Desafortunadamente, muy pronto el río se topa y recorre una ciudad capital de más de ocho millones de habitantes, donde se produce cerca de un tercio de la economía nacional. Bajo ella, el Fucha, el Tunjuelo, el Soacha, el Salitre y muchos otros tributarios del río Bogotá, cada uno más tóxico que el anterior, discurren enterrados bajo pavimento y concreto. Tan pronto caen desde los cerros Orientales, que forman el telón de fondo de la ciudad, estos preciosos arroyos son envenenados a pocos kilómetros de su nacimiento.

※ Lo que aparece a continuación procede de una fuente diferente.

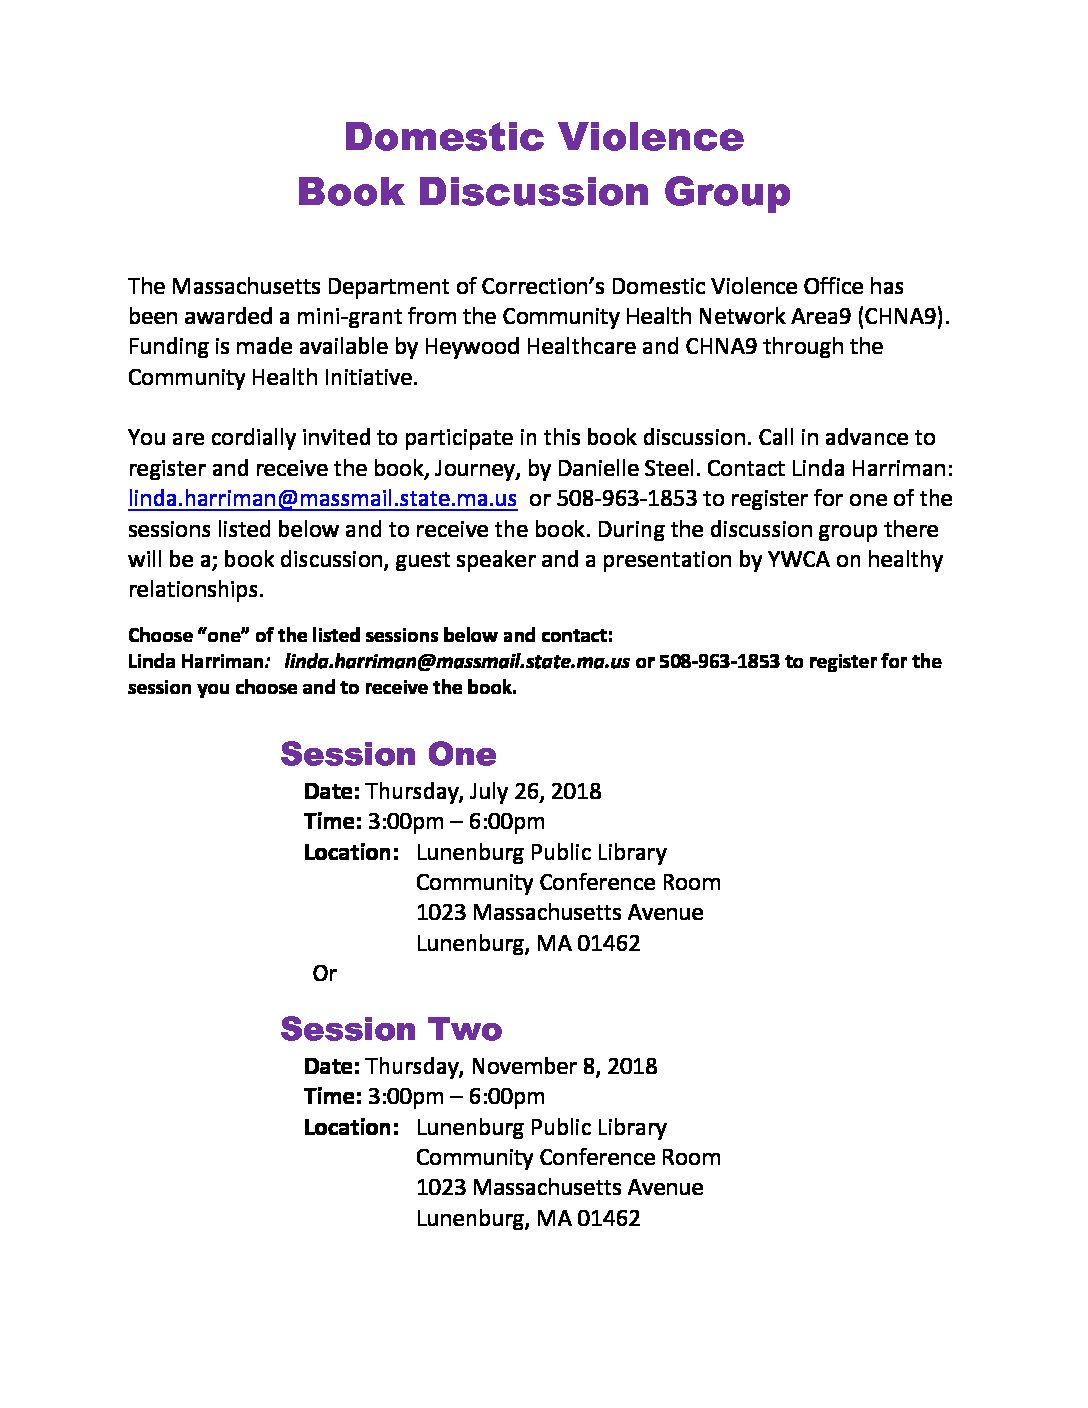 Domestic Violence Book Discussion Group Session One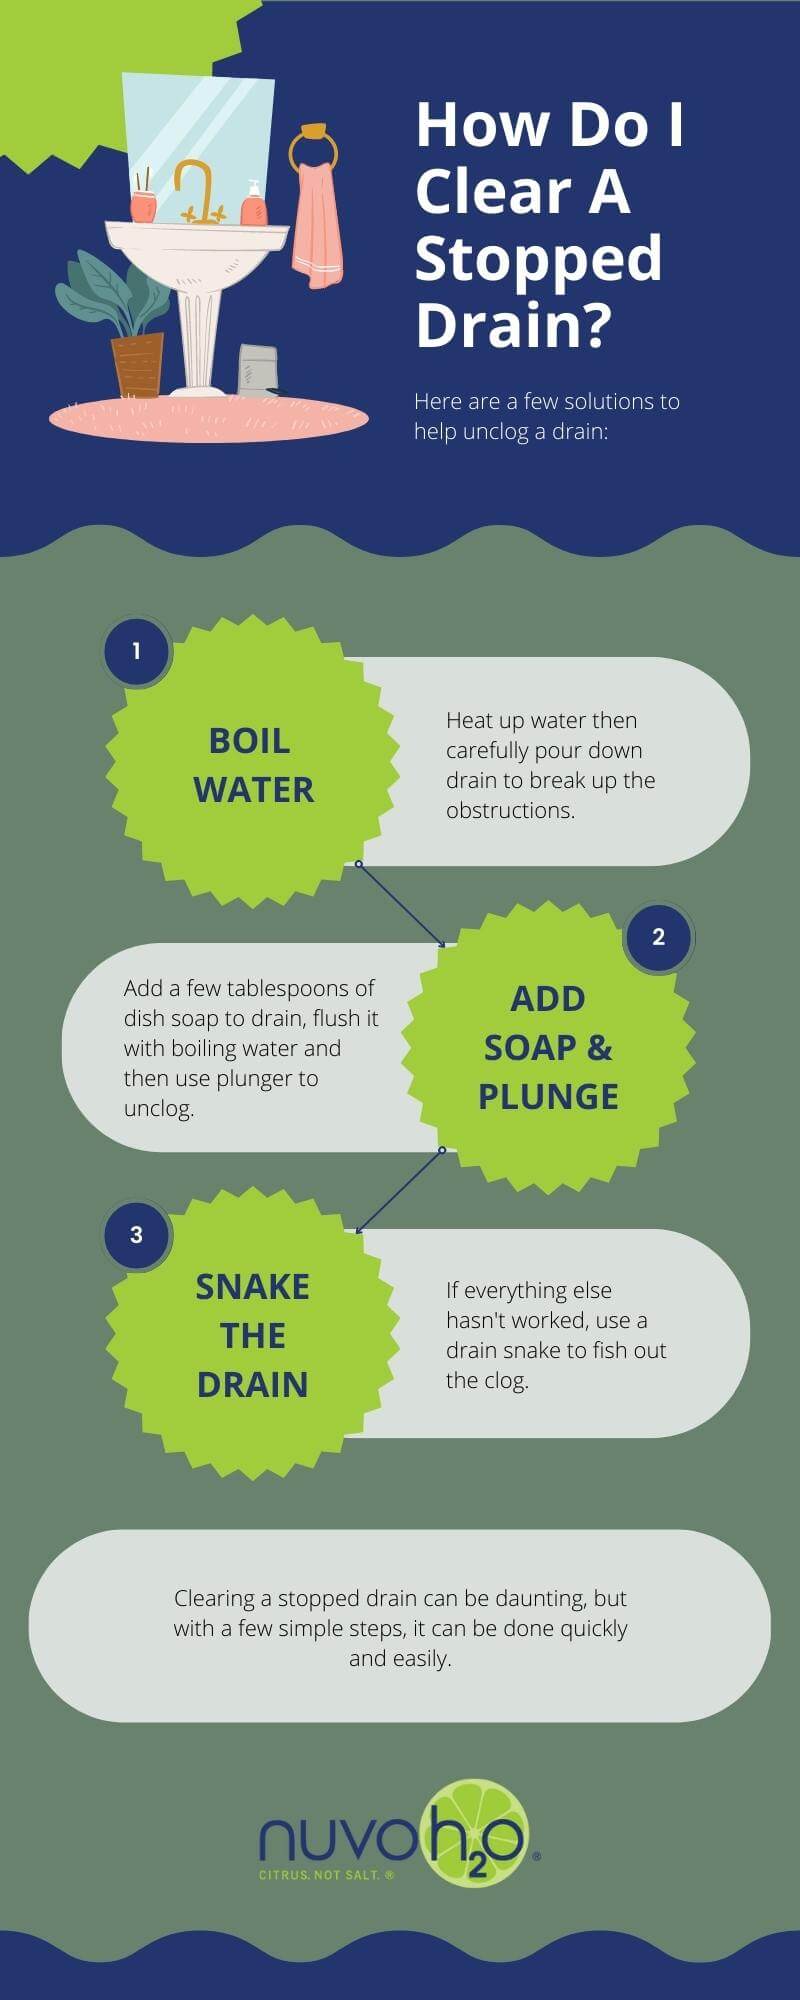 https://nuvoh2o.com/product_images/uploaded_images/how-do-i-clear-a-stopped-drain-infographic-1-.jpg

Los residuos de curtiembres y mataderos, desechos industriales, sedimento y barro proveniente de ladrilleras y fábricas de cemento, aguas negras tratadas parcialmente, plástico y basura… todo va a parar al río que, cuando consigue escapar de la ciudad para zambullirse desde las alturas del Salto del Tequendama, está biológicamente muerto, desprovisto de oxígeno y sin signos de vida macrobiótica.

Tras una caída de tres mil metros en apenas cincuenta kilómetros, alcanza el Magdalena en Girardot ligeramente revitalizado, un signo de la extraordinaria resiliencia de la naturaleza. No obstante, es más una lechada de desechos que un río, bombeando directamente al caudal del Magdalena grandes concentraciones de cadmio, cromo, mercurio, zinc, arsénico y plomo, sin mencionar la cantidad de desperdicios humanos que no dan respiro a los millones de colombianos que viven aguas abajo.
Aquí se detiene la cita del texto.